The fuzzy c-means clustering method provides an accurate method for quantitative estimation of odorant concentration also as seen in Section 5.3. This is important for determination of the state of spoilage. Particularly, TMA concentration is widely recognized to be a reliable indicator of stage of fish spoilage. There exists a low concentration of TMA in fresh fish also due to bacterial activities in the fish body.

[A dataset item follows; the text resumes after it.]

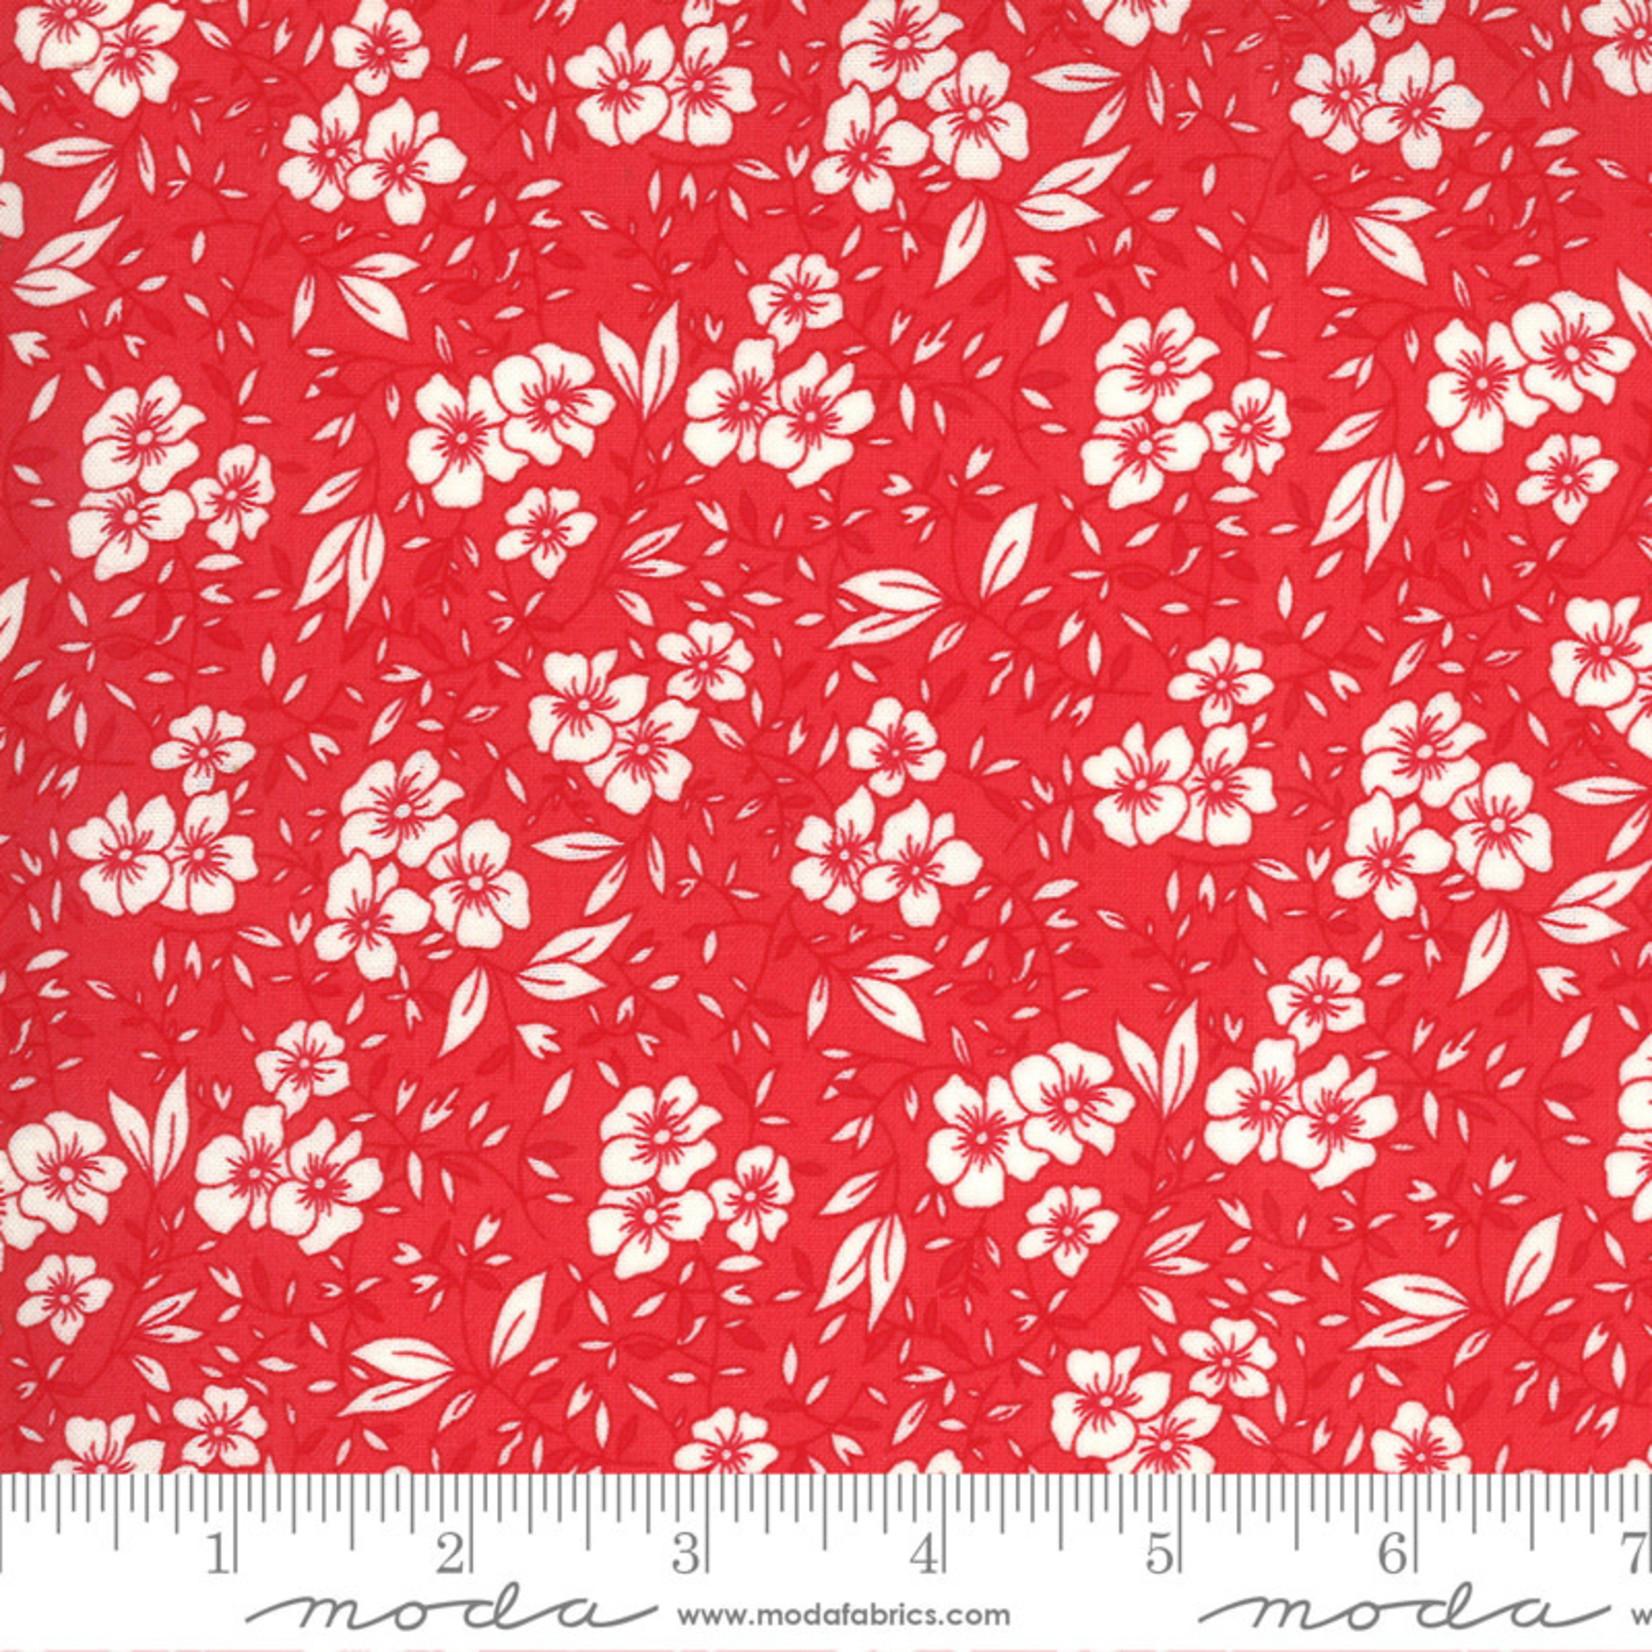 Chloe's Closet 30s Playtime, Friendly Blooms Flora, Scarlet 33592-28 $0.20 per cm or $20/m

After death, however, TMA concentration increases with time as the bacterial degradation advances. The TMA concentration is indicative of time elapsed after death. The TMA discrimination ability of SAW sensor array combined with its sensitivity and fast response may facilitate development
of SAW TMA meter for monitoring the freshness/spoilage of fish products. The list of polymers listed in Table 3 was also prepared by consulting wide literature on characterization and application of polymers for various organic vapors sensing under different situations, see the references mentioned there. We tried to include polymers having wide range of chemical selectivities toward target headspace volatiles for both fish and milk however there may be some significant omissions. The quality of selection will obviously improve with more potential polymers in the list. Further, in simulations we considered only the additive frequency noise. This was done to present only a representative practical
level of noise challenge for analyte detection. In reality, SAW feedback oscillators used for chemical sensing are limited by the phase fluctuations in the SAW frequency control device. The feedback configuration converts these phase fluctuations into frequency fluctuations. The spectral frequency noise power density SF (F) is related to the spectral phase noise power density S ̊(F) according to SF (F) = F2S ̊(F) where F denotes Fourier (or offset) frequency [126]. The other factor of concern to real SAW sensor operation is the frequency drift due to components aging, sorbents
retention and relaxation in the sensing polymer film. The development of a real SAW sensor system, of course, has to address these issues. In this work our objective was to chalk out a simple procedure for polymer selection by data mining before taking up actual fabrication of sensors. The analyses presented meet this objective very well. By utilizing the available literature in the context of milk and fish associated headspace volatiles we have seen that the fuzzy c-means clustering yields an efficient method for optimal polymer search from a large pool of potential polymers; the efficacy of selection will, of course, depend on the richness of the polymers list and the accuracy of the partition coefficient data. The impact of this approach on SAW electronic nose development can however be felt only after real fabrication and evaluation of application specific systems. The conclusions based on the theoretical SAW sensor array responses are not likely to go far off as the SAW sensor response model is fairly established and widely used [35,42]; worst, if not very precise, the present simulation based analysis and selection approach will certainly reduce the amount of experimentation needed for sensor selection.